Garlic Ginger Tofu Stew
Ingredients
- 1 block extra firm tofu or super firm tofu
- 1 tbsp soy sauce
- 2 tsp nutritional yeast
- 1 cup sweet potato, cut into 1/2 inch pieces
- 1 tbsp olive oil divided
- 1 tsp cumin seeds
- 1 small onion, diced into small pieces
- 2 inch fresh ginger root, grated
- 4 garlic cloves
- 1/2 tsp ground coriander
- 1/2 tsp turmeric
- 1 tbsp tomato paste
- 1 tbsp garlic chili sauce
- 1/2 cup lentils
- 1, 13.5 oz can light coconut milk
- 1/2 a bouillon cube or 1/2 tsp of better than bouillon paste
Preparation
Set oven to 400°F.
If using extra firm tofu, press it before using to remove excess water.
Cut tofu into 16 even cubes and place in a container with soy sauce and nutritional yeast, then seal and toss gently to coat.
Place tofu and sweet potato on a lined baking tray, toss the sweet potato and any optional zucchini with half the olive oil, and arrange on the tray with the tofu.
Bake for 20 minutes, flipping halfway through.
In a large pan over medium heat, add the remaining oil and cumin seeds and sauté until fragrant, about 1 minute.
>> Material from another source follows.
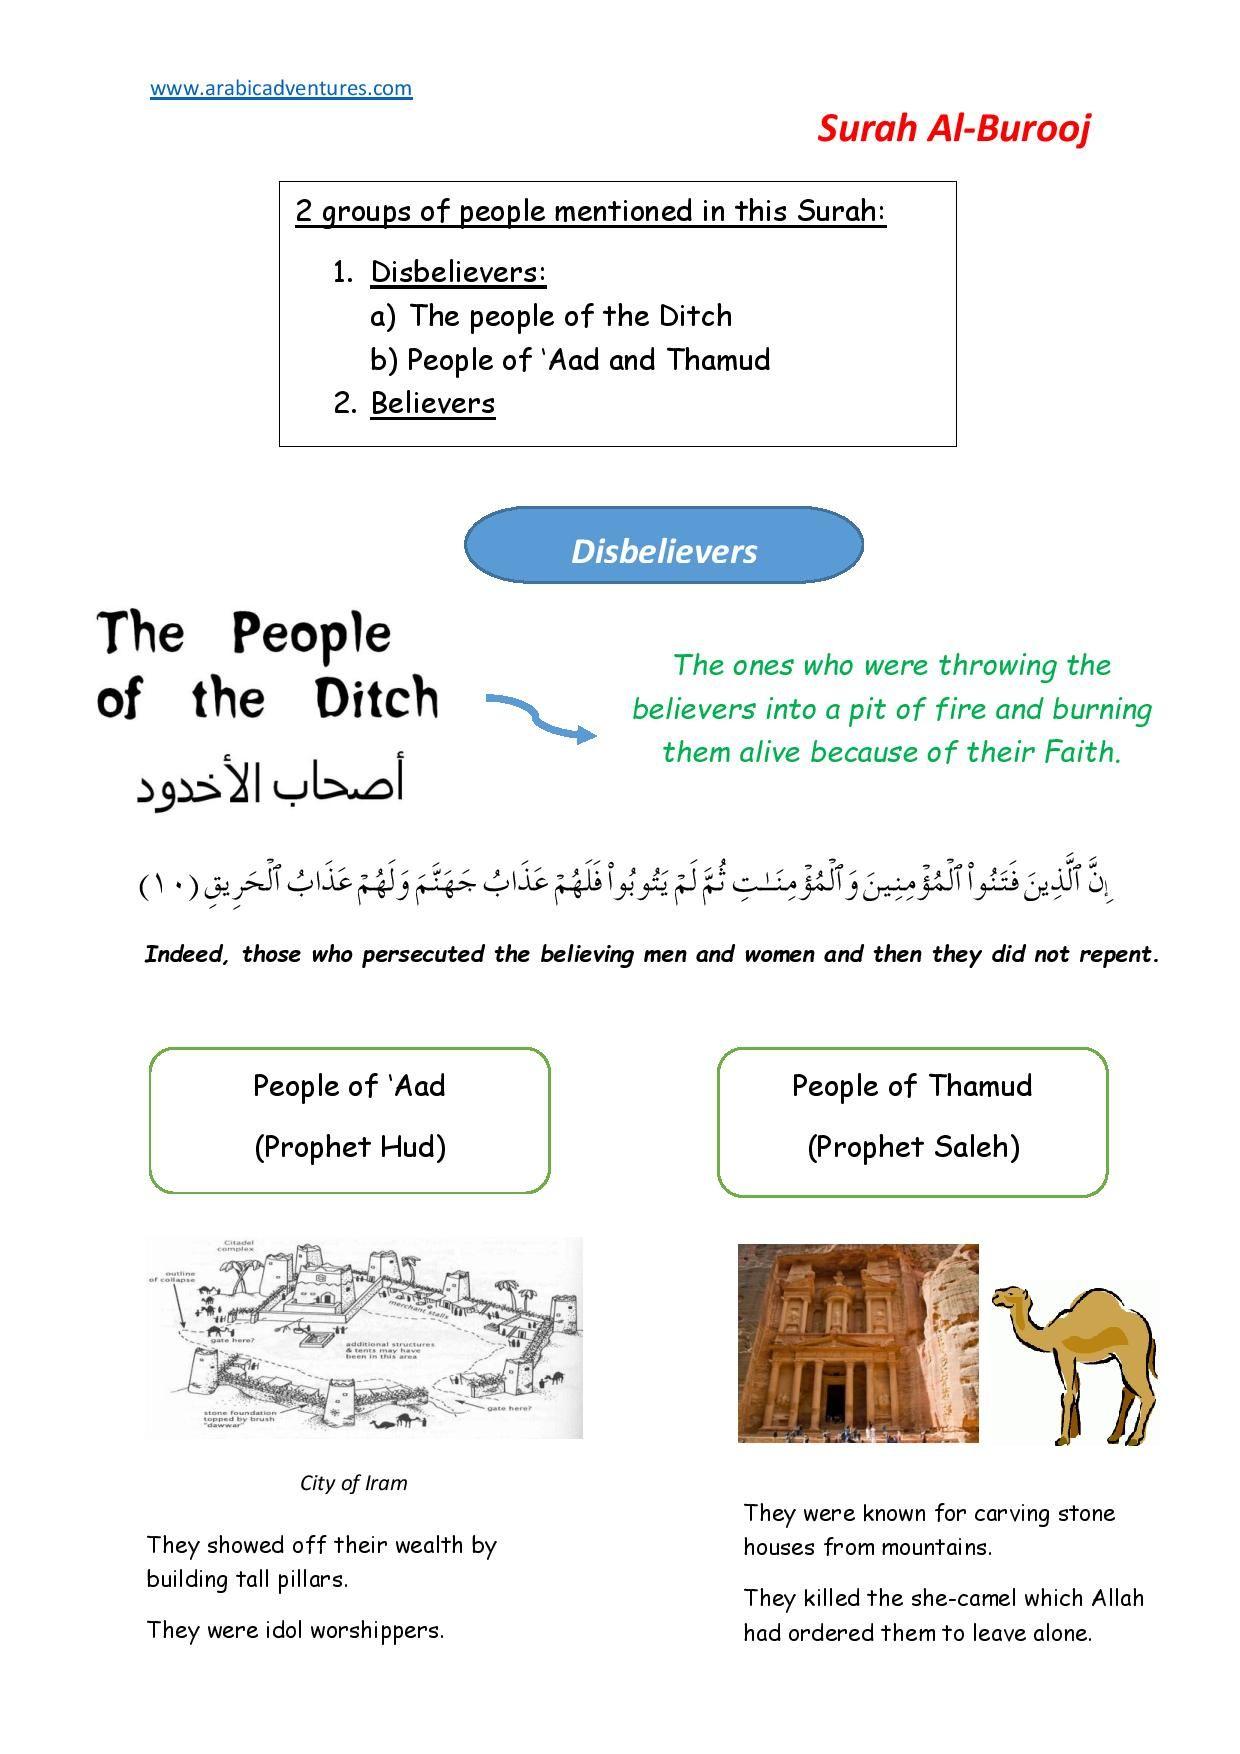 Surah Al Burooj Tafsir For Kids Handout Sheet 1 Free At Abicadventures

Add onion with a pinch of salt and sauté until softened.
Add ginger and garlic and sauté until fragrant.
Add the remaining dry spices and tomato paste and sauté well to coat.
Stir in garlic chili sauce, lentils, coconut milk, and bouillon cube.
Add the baked tofu and sweet potato, bring to a low simmer, and cook for 5 to 10 minutes to thicken.
Top with fresh cilantro if desired and serve with rice or as is.
Tips
Zucchini is optional and can be added during the baking step.
You can stir in spinach at the end if desired.
If bouillon is unavailable, adjust saltiness to preference or use 1 tsp soy sauce.